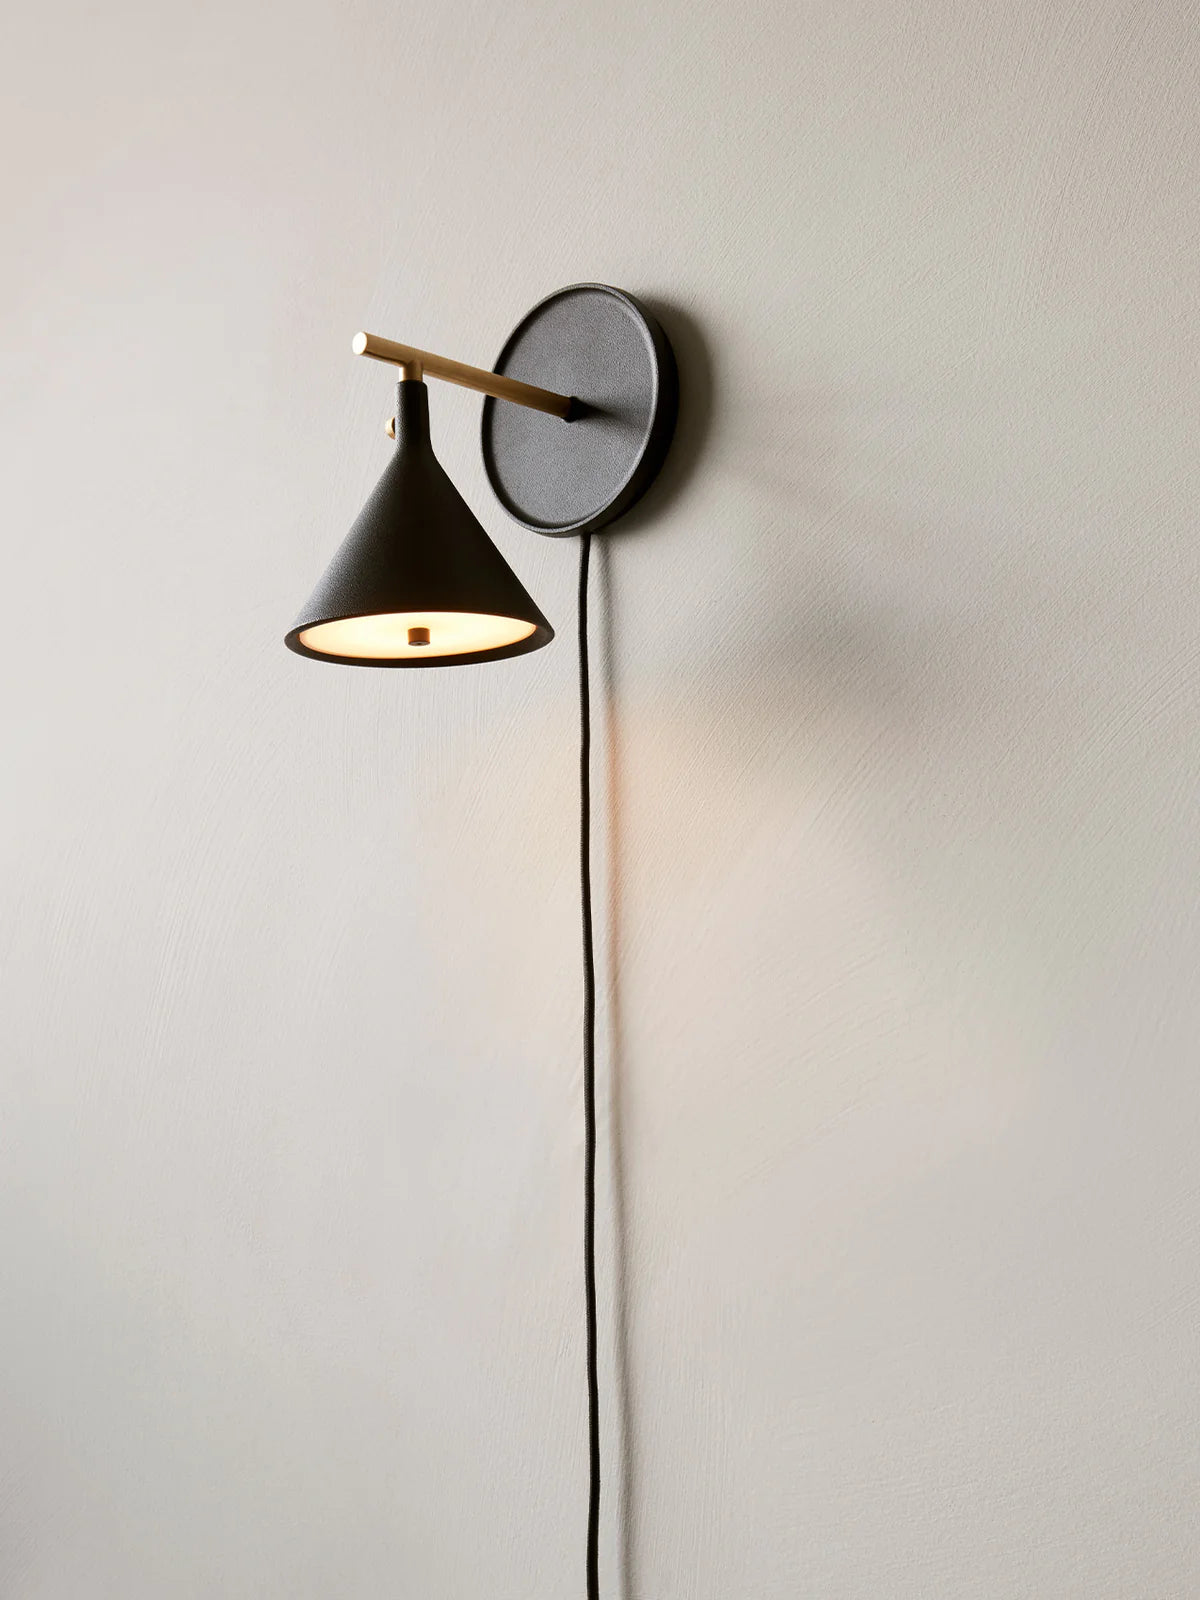 Menu Cast Sconce Wall Lamp Diffuser, dimmer with light turned on.
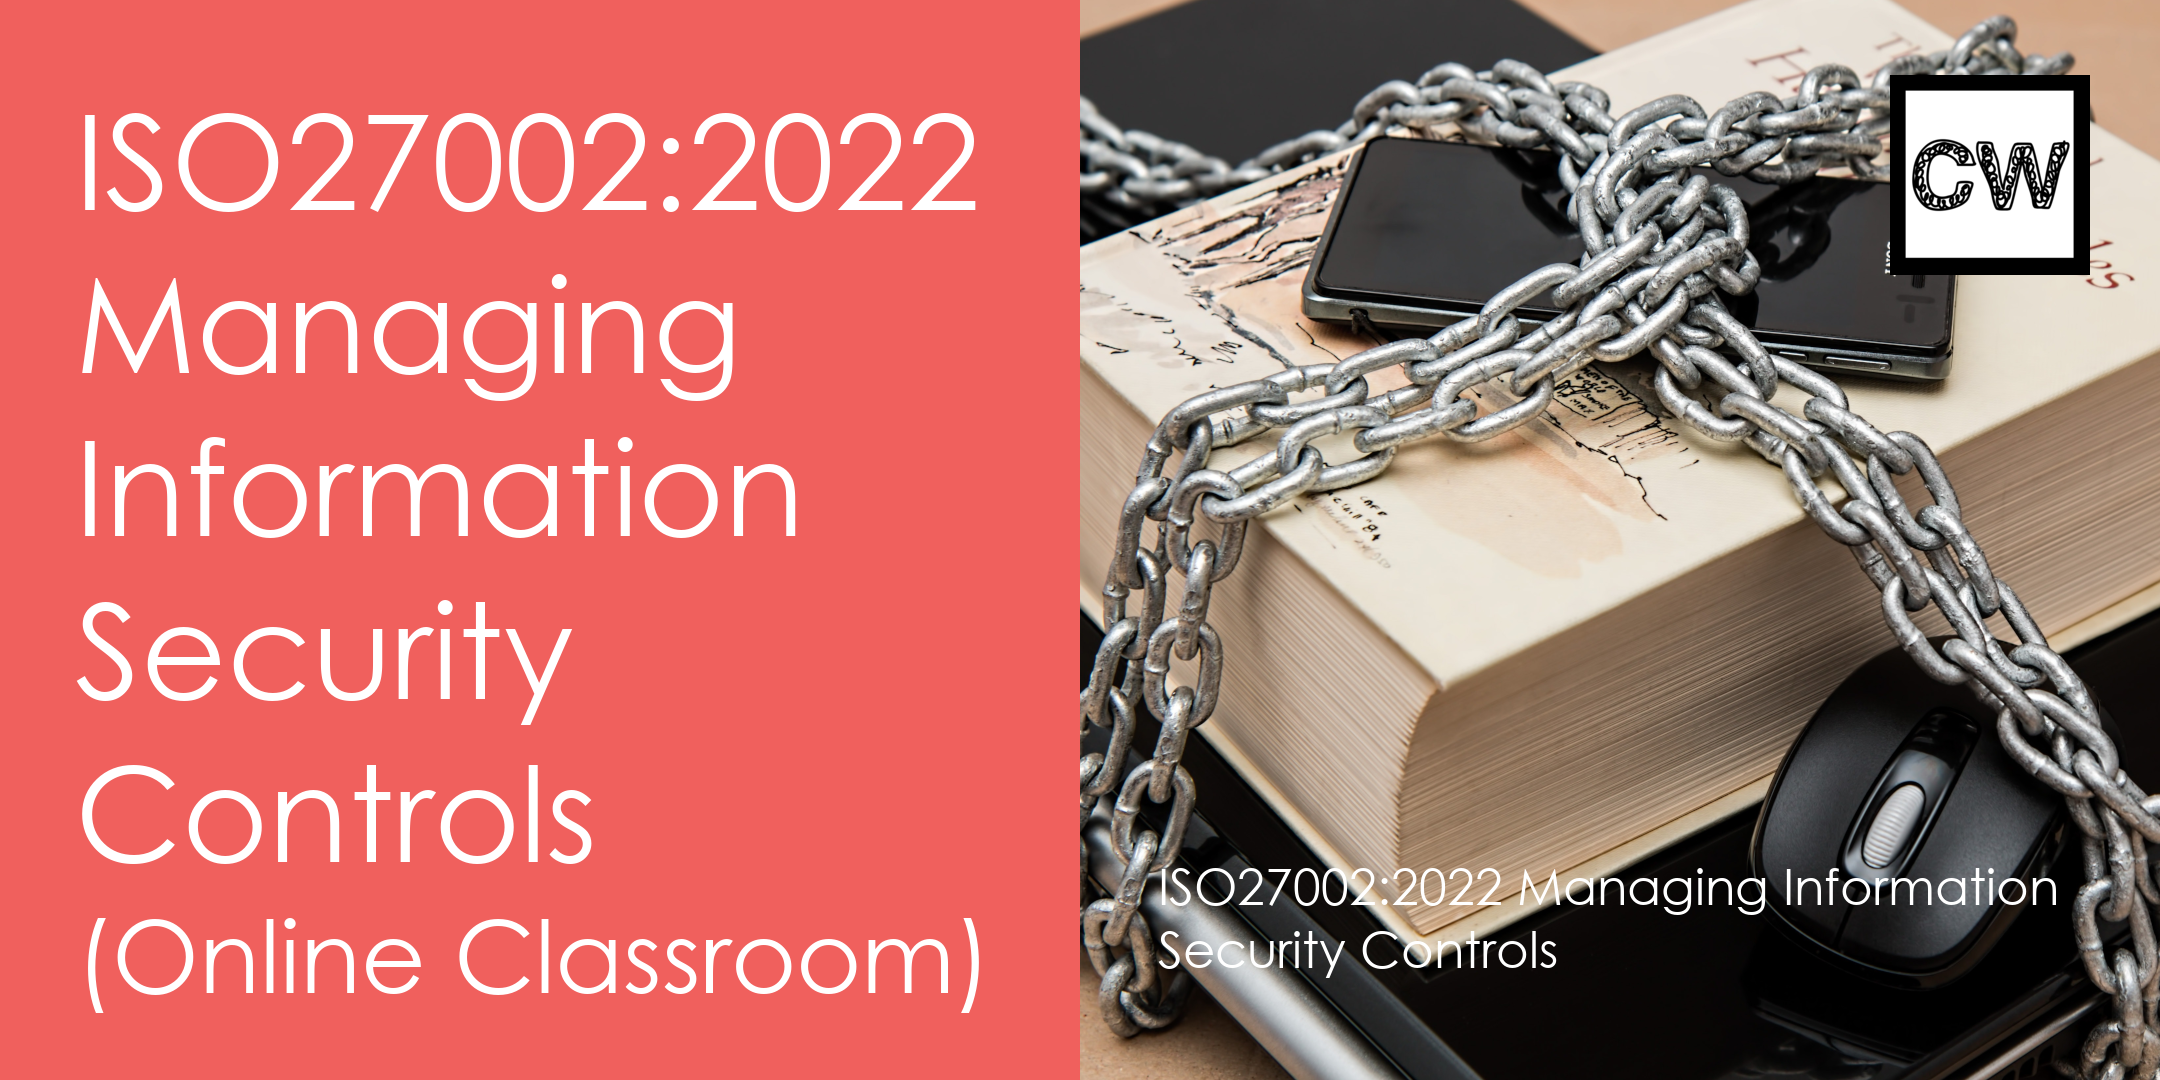 ISO 27002:2022 Managing Information Security Controls
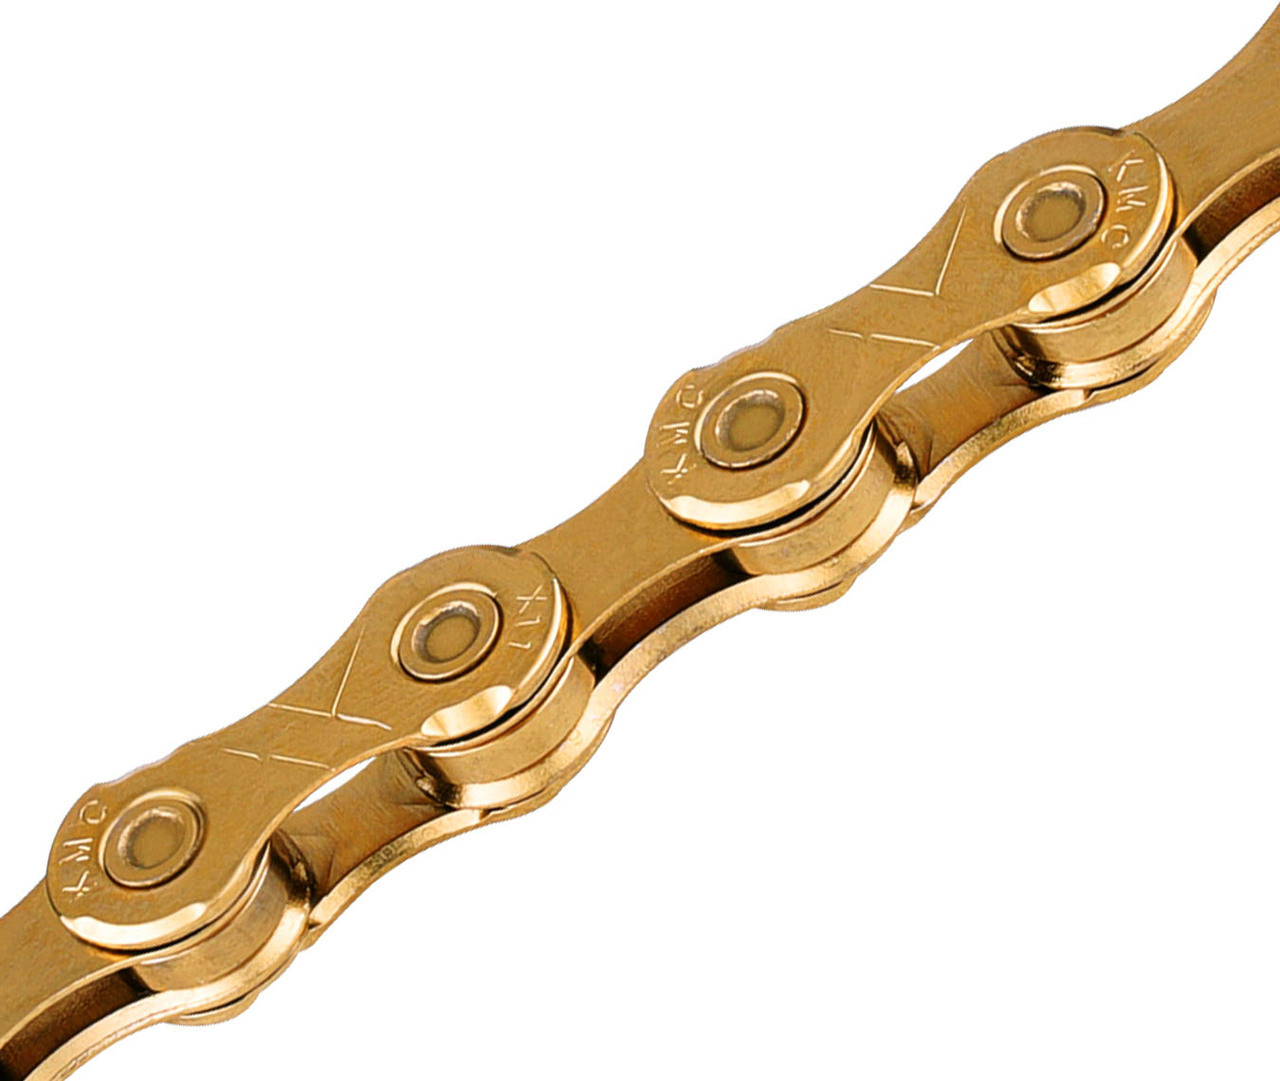 10-Speed 116 Links KMC X10 Chain Gold

WHAT TO WORK ON: Exclude the pictures. Write out the remaining data exactly.

RESPONSE TO THE TASK:
 Menu Cast Sconce Wall Lamp Diffuser, dimmer with light turned on.
 ISO 27002:2022 Managing Information Security Controls
 10-Speed 116 Links KMC X10 Chain Gold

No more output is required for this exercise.